So, you can not really compare, is like the favorite saying of some people on this forum: "comparing apples with oranges". "The beautiful elephant jumped over the astonished monkey" (I like red foxes and lazy dogs, but I deliberately selected longer words ) would be in Thai something like "chang ti sway pim kun kwa ling pralat" (which takes 40% of the time to be said) and in Chinese even shorter ("meili de xiang yue jingya de houzi").
Same shortest syllable said on different tones means different things, like in "the horse and the dog both come to Mary", which would be in Thai much shorter: "ma ma ma mali" (no joke!, there are 4 different "ma" on 4 different tones, for "horse", "dog", "to come", and "ma-" of Mary, you can look on google translate, but I think that one translates "dog" by "sunak", which is a different type of dog, but if you look for "thai tongue twisters" you may find the right "dog").

I can speak (native) Romanian and can (almost) perfectly understand (but not really being able to speak, or speaking only a little) Italian, Spanish, Portuguese, French. I was taught 4 years of French in high school, and 4 years of Russian in the middle school, but both came into my head through an ear and went out off my head throughout the other ear. My mother was language teacher and she could fluently speak Romanian, French, Russian and Italian (no English, unfortunately).

I tell you all of this so you could see I am not completely out of this domain, and I heard this kind of debates and participate to them "for ages".

Anyhow... The article is quite biased toward western languages. Especially Latin languages, like Italian and French. They don't call them "romance" languages for nothing. Talking a lot and saying nothing (including Romanian, and you have the proof here in front of your eyes...).

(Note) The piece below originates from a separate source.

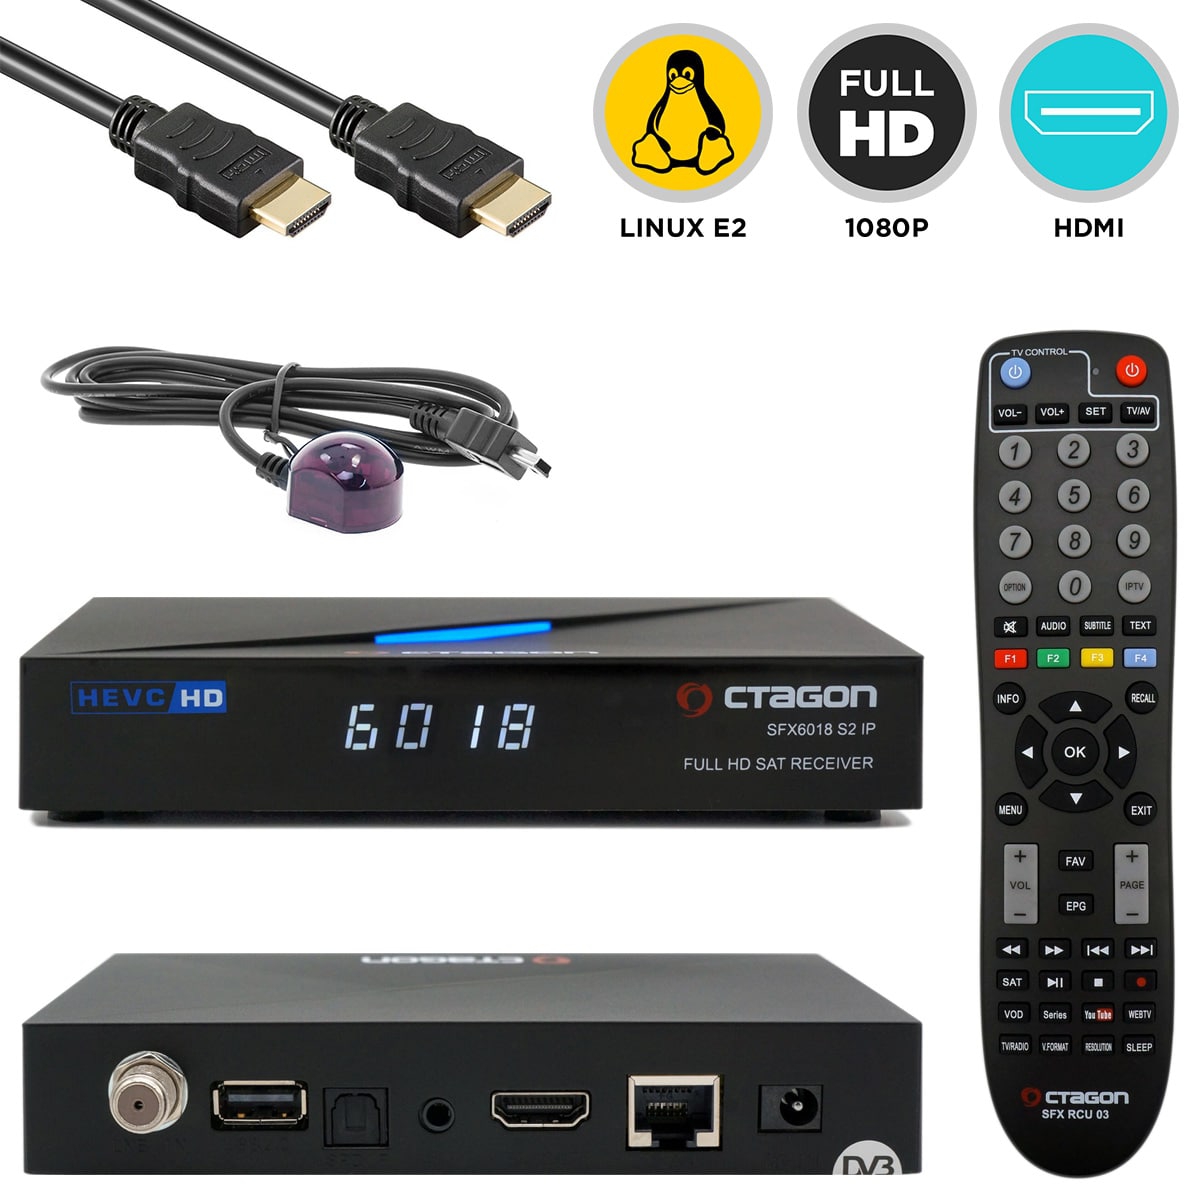 Octagon SFX6018 S2+IP Full HD Sat IP-Receiver (Linux E2 & Define OS, DVB-S2, 1080p, HDMI, USB, LAN)

They analyzed "telephone conversation". C'mon! It may have nothing to do with the language itself, but with people. I am working with Germans (in German-own companies) for more then 15 years, and I really appreciate they all say the things they want to say, directly. No matter the language.

We have customers and vendors from different part of the worlds. Italians talk half a day about nothing, before telling you what they want. Japanese are even worse, they are Italians of Asia. They talk a lot about weather and things with no significance, and they add kokomoto, mokoyoto, and other particles with no meaning (but which take half hour to pronounce) at the end of every word.

The same way as Indians are the French of Asia - they always believe they know better, try to cheat you on prices, and they will explain you for days why their reason is better then yours, even if you are not interested in it.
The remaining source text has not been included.